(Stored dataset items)
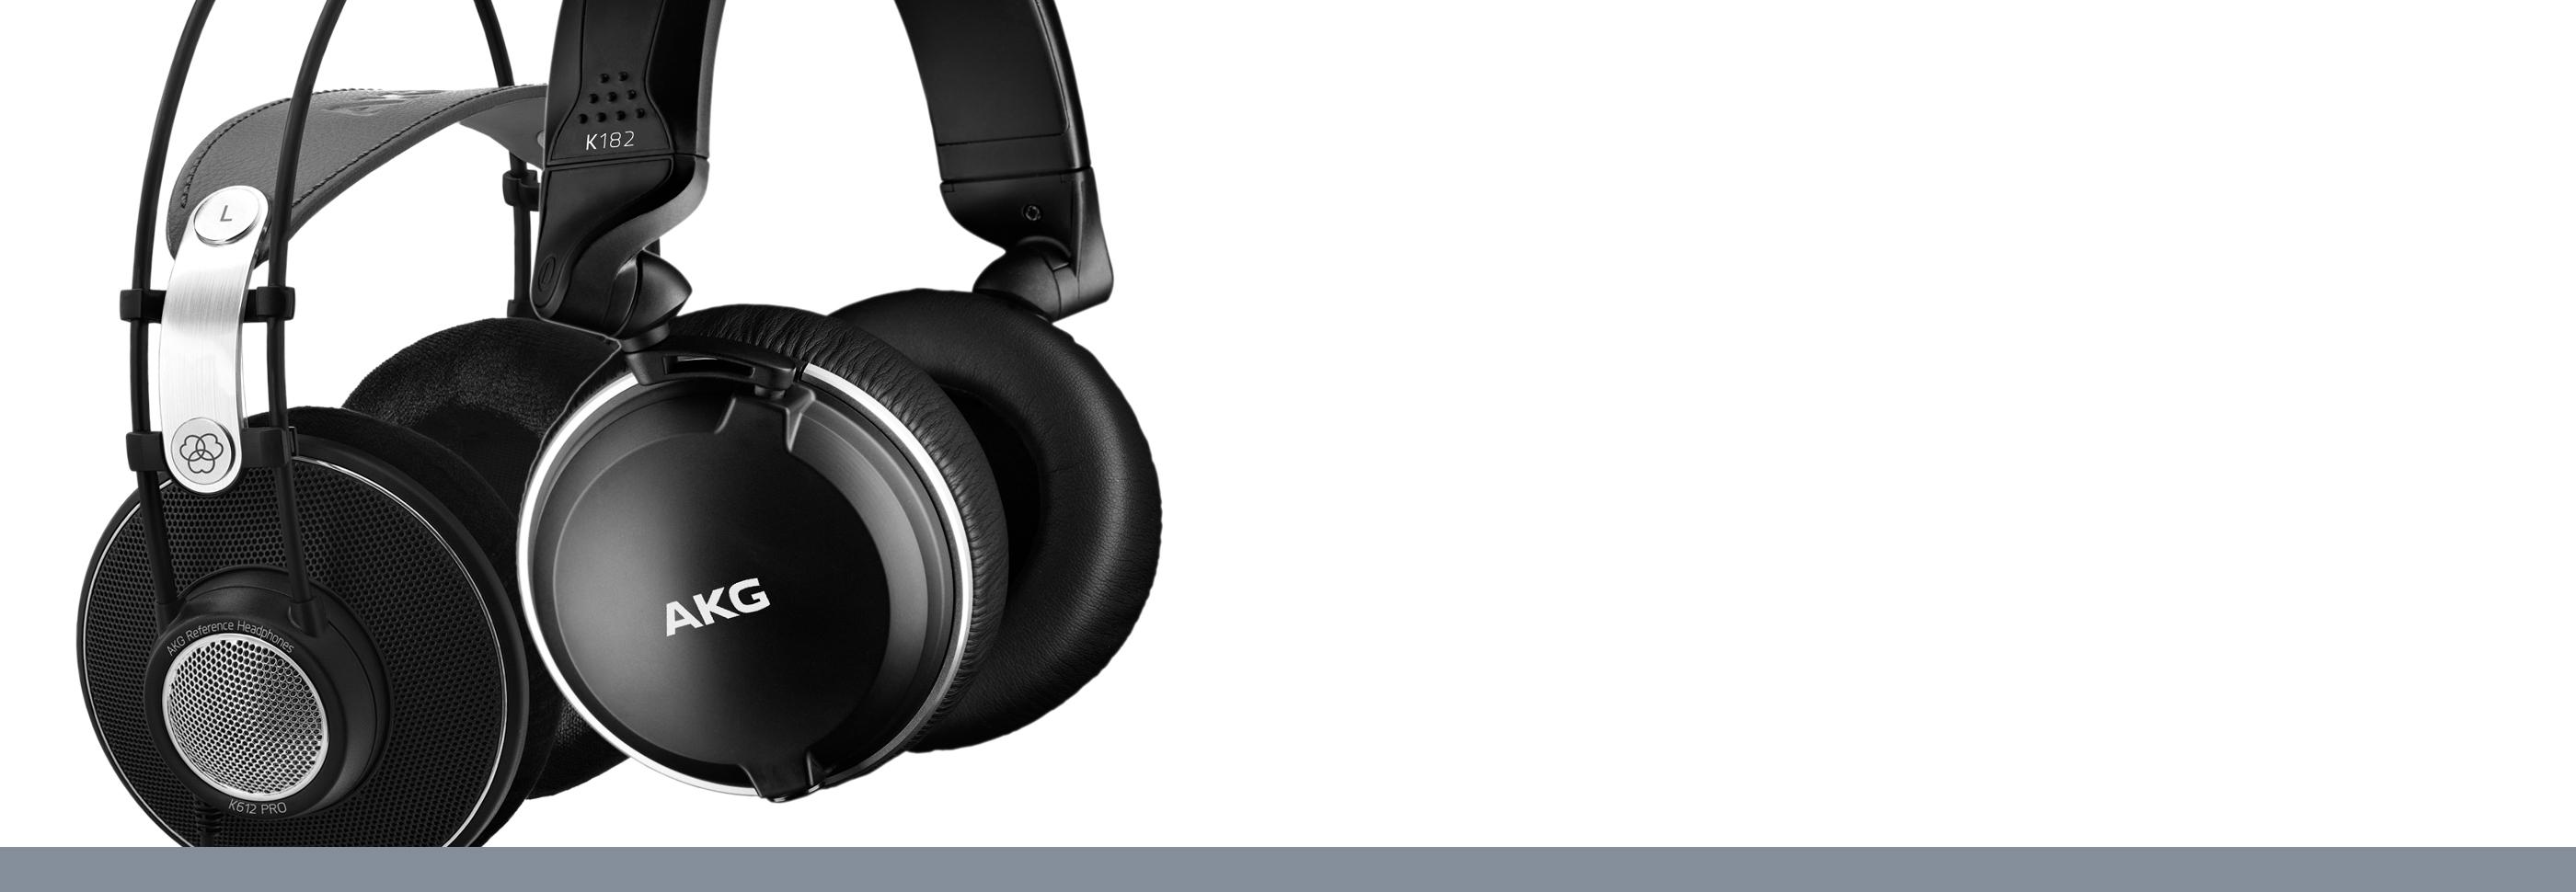 heighten your headphone experience
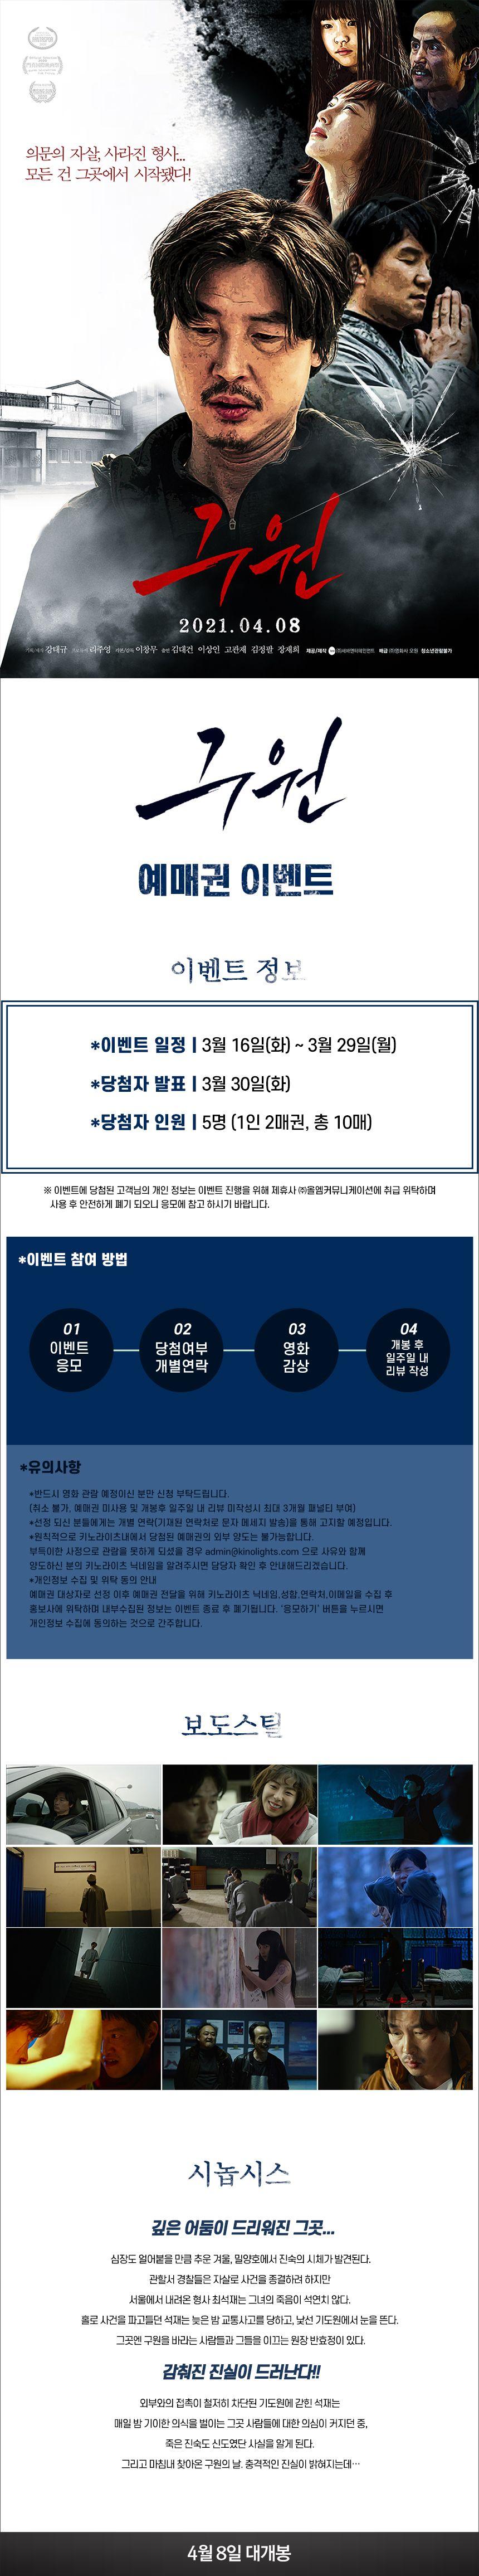 <구원> 예매권 안내
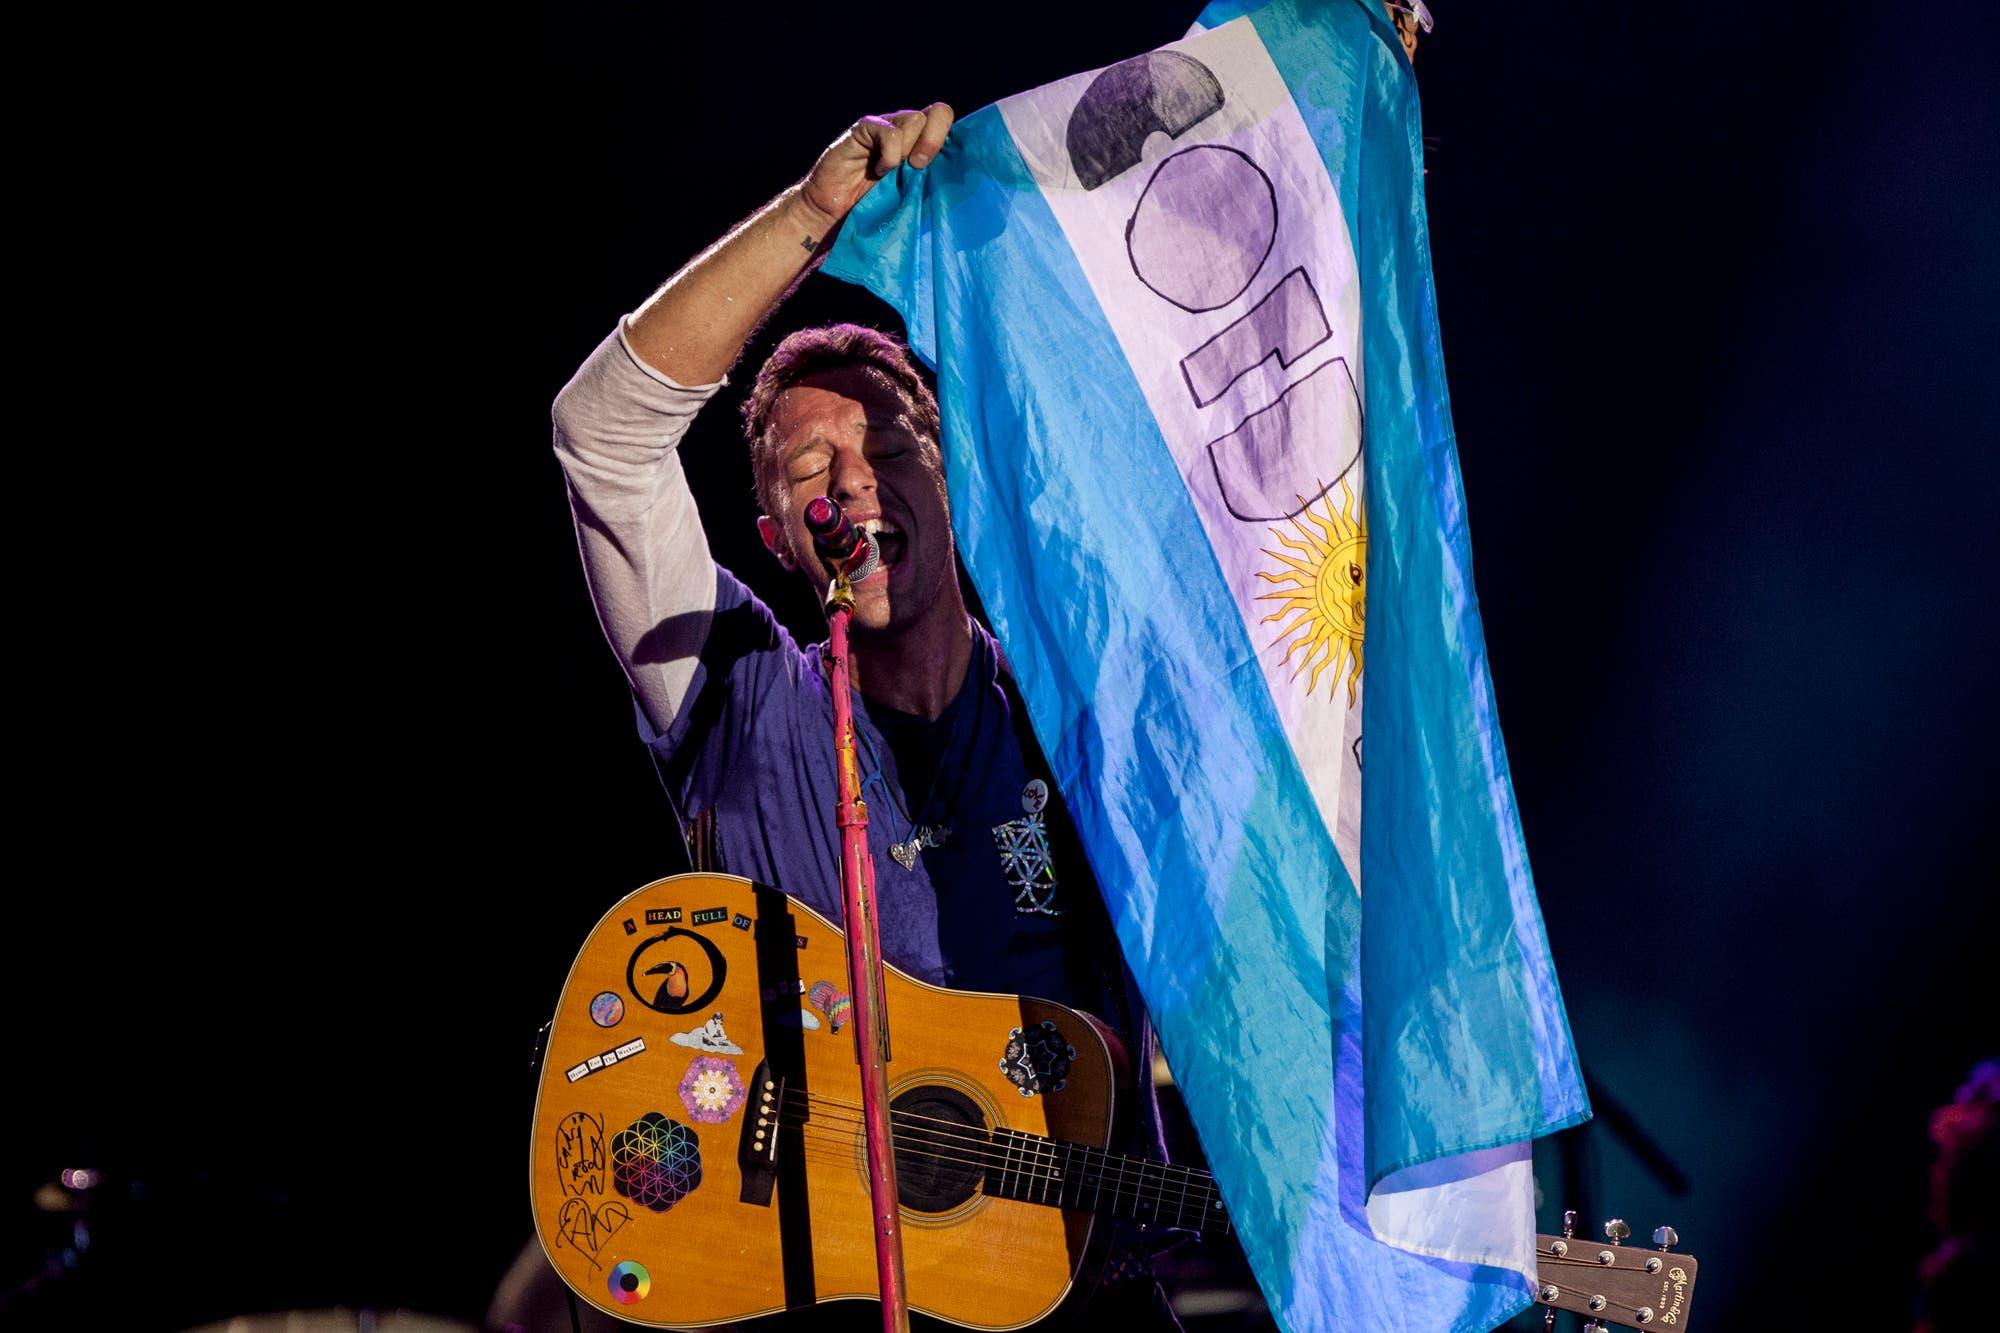 Coldplay lanza Live in Buenos Aires, un registro de su show en el Estadio Único de La Plata
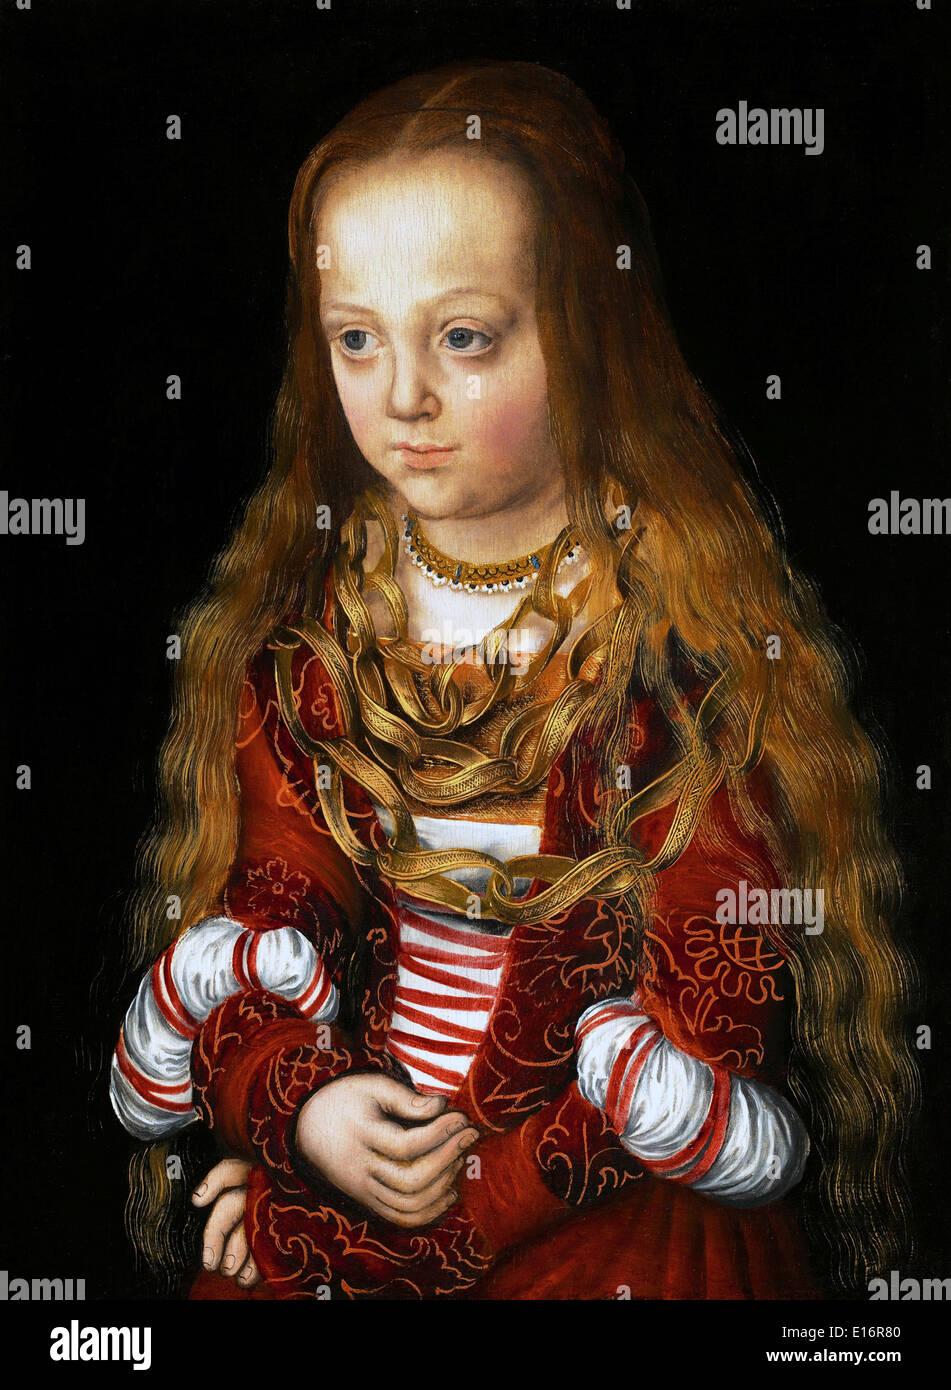 Eine Prinzessin von Sachsen-ByLucas Cranach der ältere, 1517 Stockbild
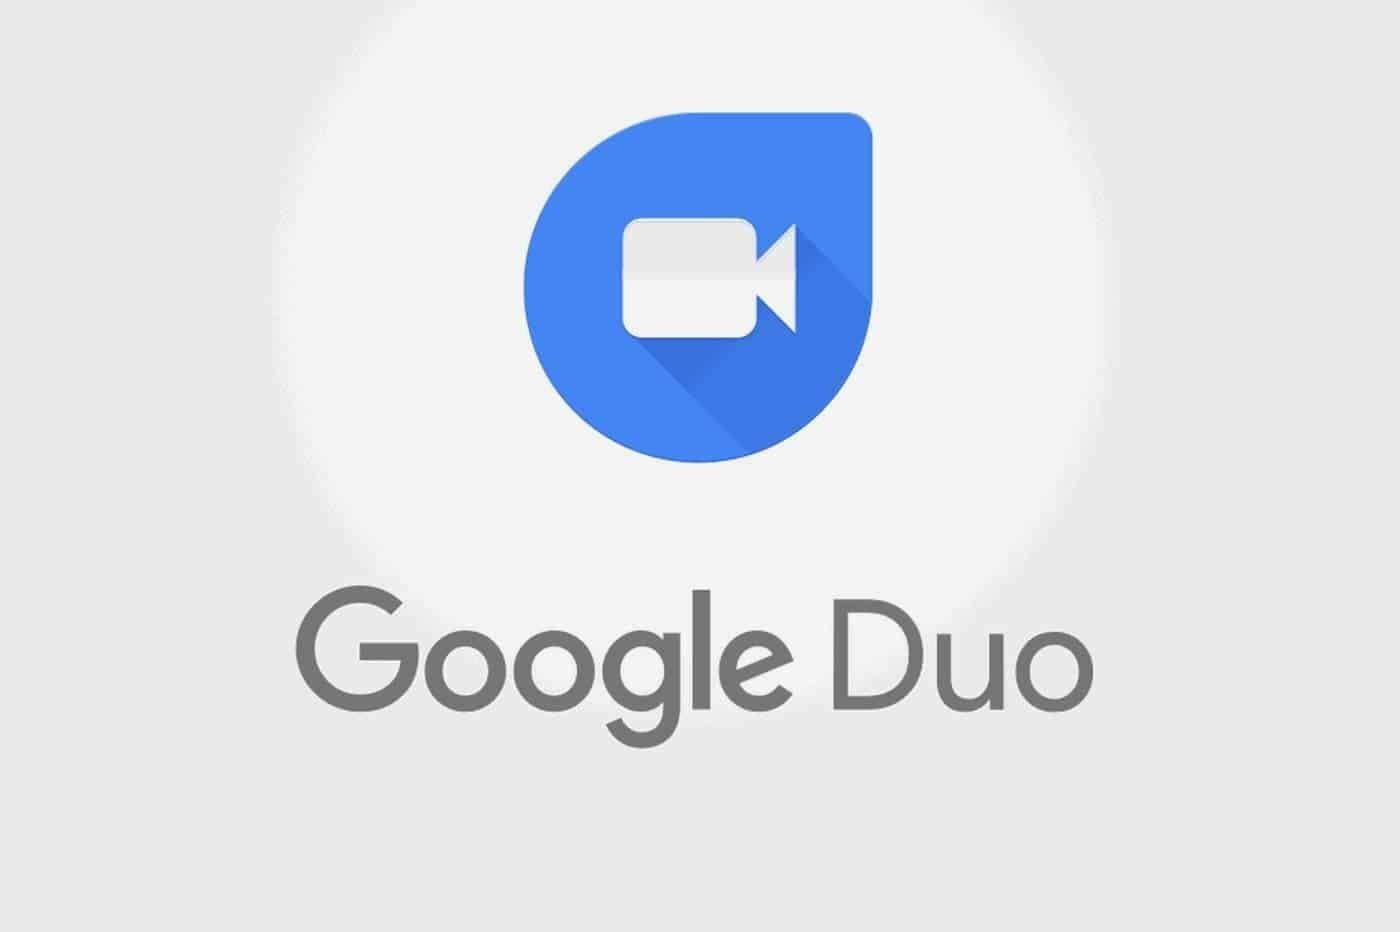 google-duo Google Duo теперь позволяет совершать видеозвонки до 12 человек

Your task:
Copy the lines exactly. Start at the line with "Eine Prinzessin von", end at the last line above, include both, and omit all pictures.

Output below:
 Eine Prinzessin von Sachsen-ByLucas Cranach der ältere, 1517 Stockbild
 google-duo Google Duo теперь позволяет совершать видеозвонки до 12 человек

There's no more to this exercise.